▶ _RECORDED DATA_
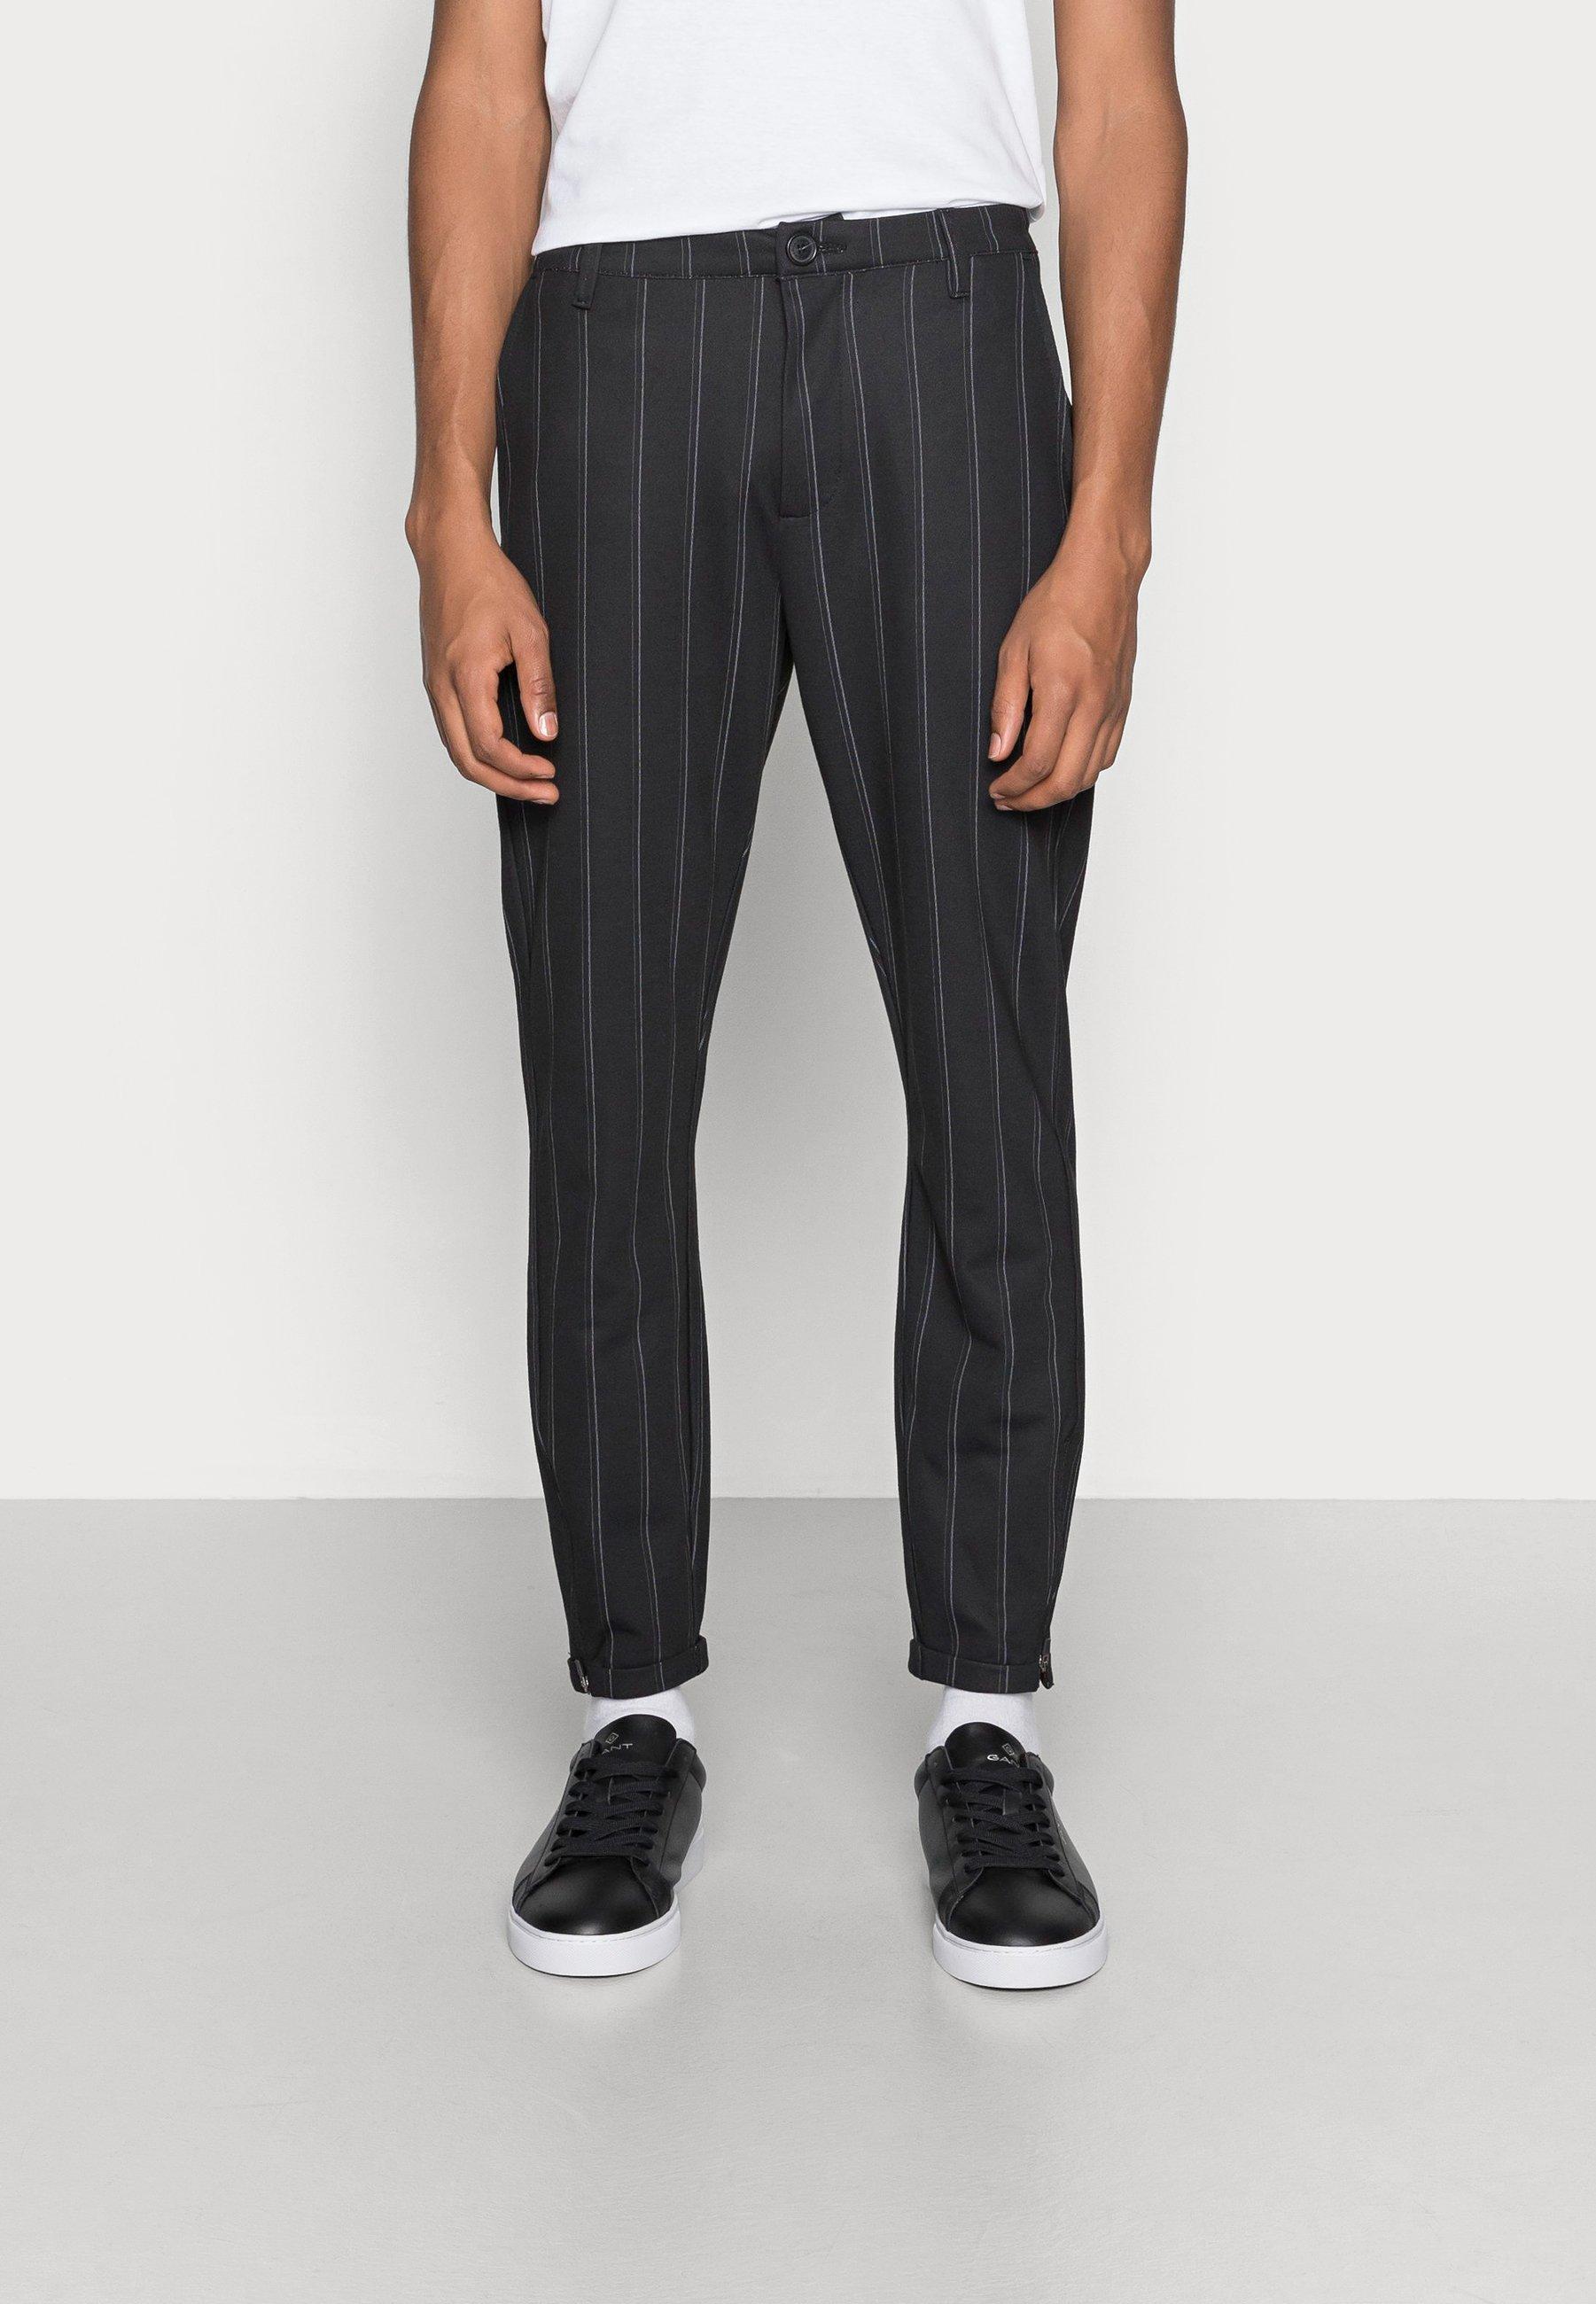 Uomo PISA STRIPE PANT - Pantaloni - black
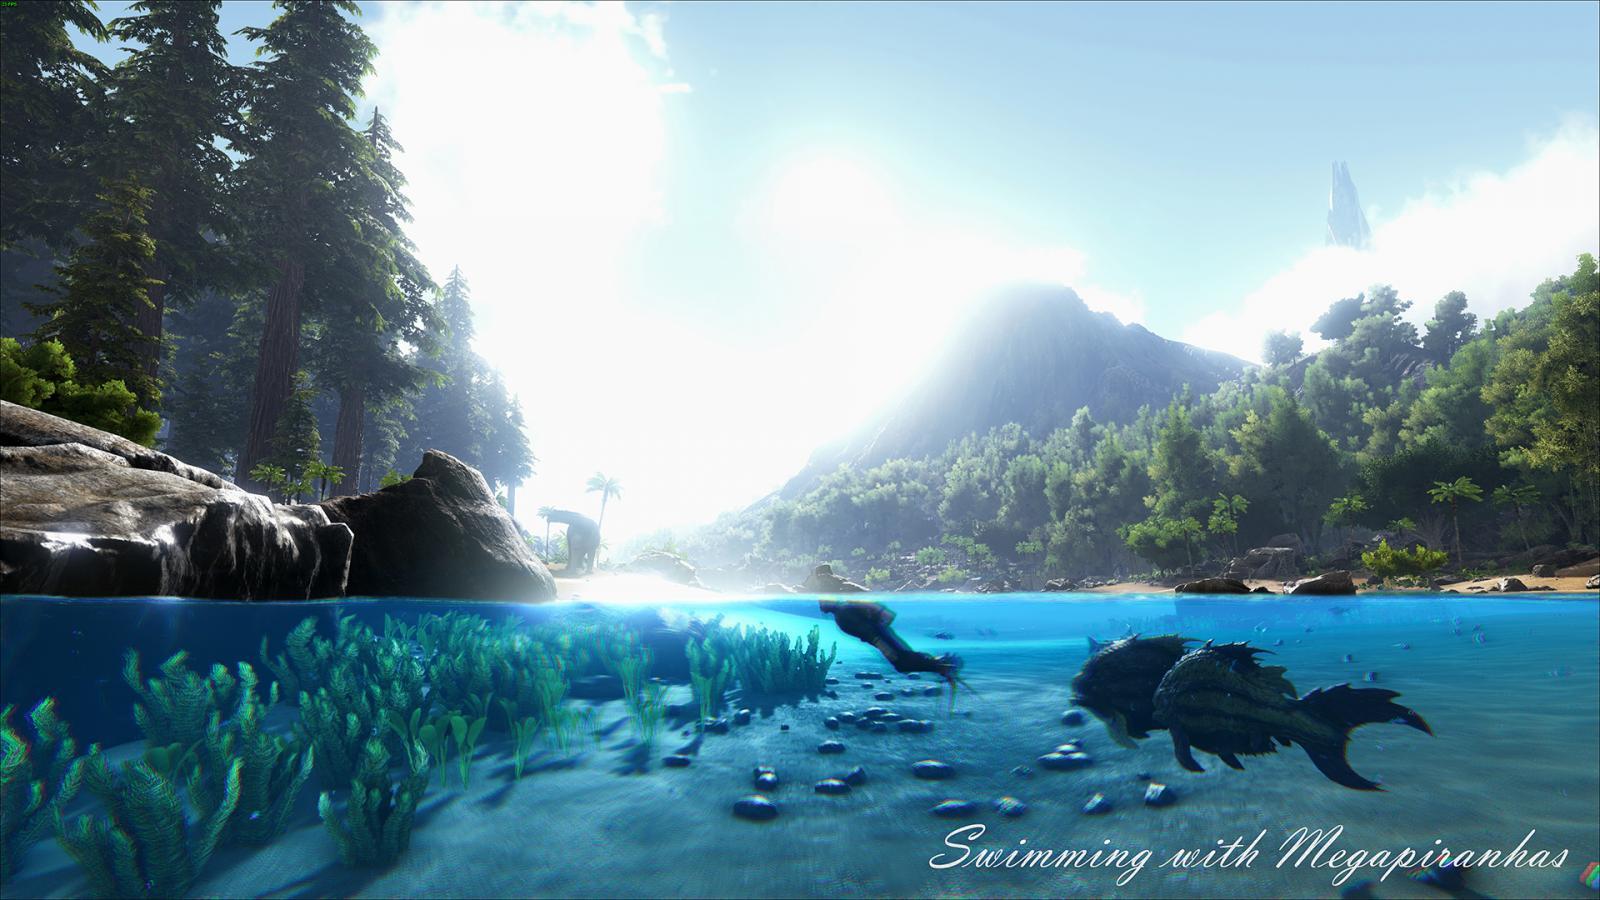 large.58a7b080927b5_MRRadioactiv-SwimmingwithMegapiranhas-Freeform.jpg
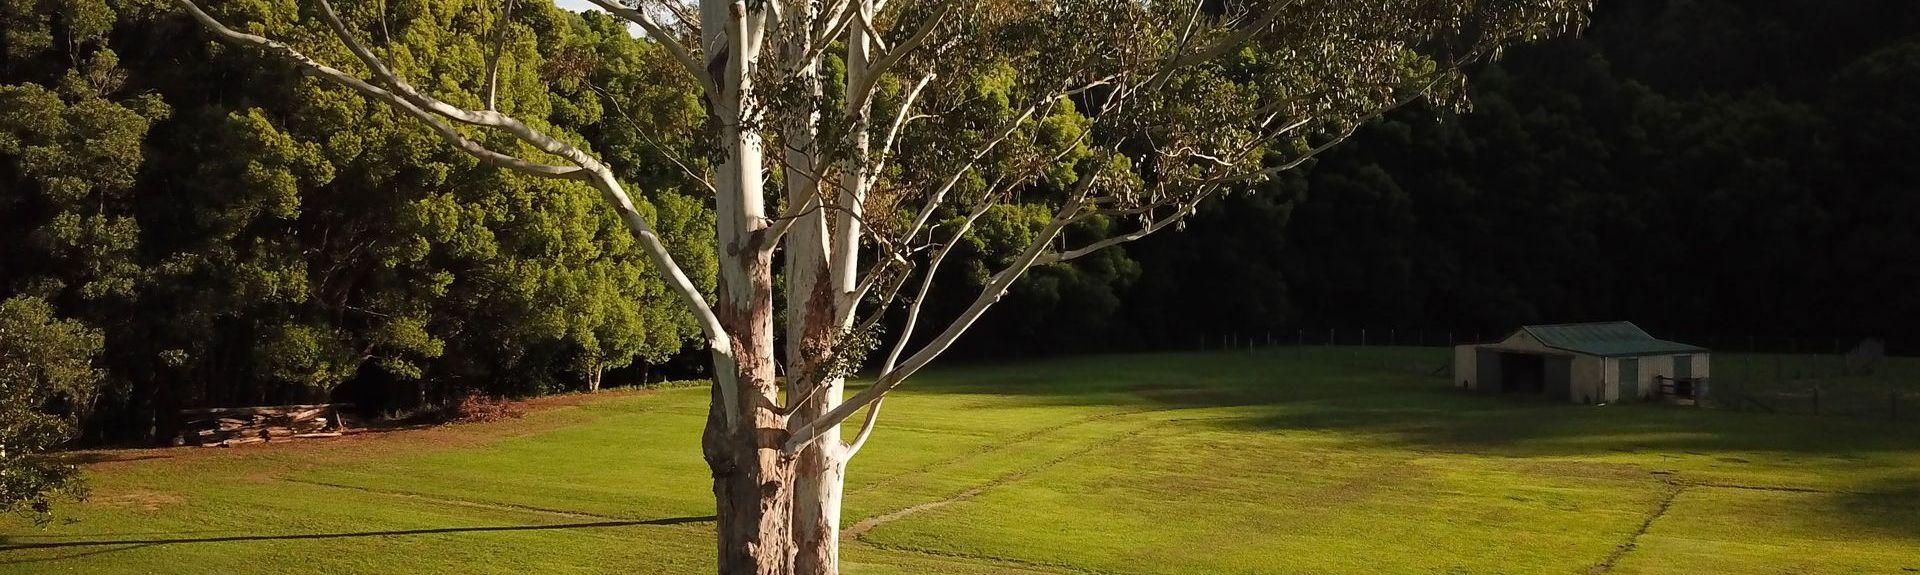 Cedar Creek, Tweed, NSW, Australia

▶ _TASK REQUIREMENTS_
Please give back the data above word for word, with no pictures included.

▶ _SOLUTION FOR THIS EXERCISE_
 Uomo PISA STRIPE PANT - Pantaloni - black
 large.58a7b080927b5_MRRadioactiv-SwimmingwithMegapiranhas-Freeform.jpg
 Cedar Creek, Tweed, NSW, Australia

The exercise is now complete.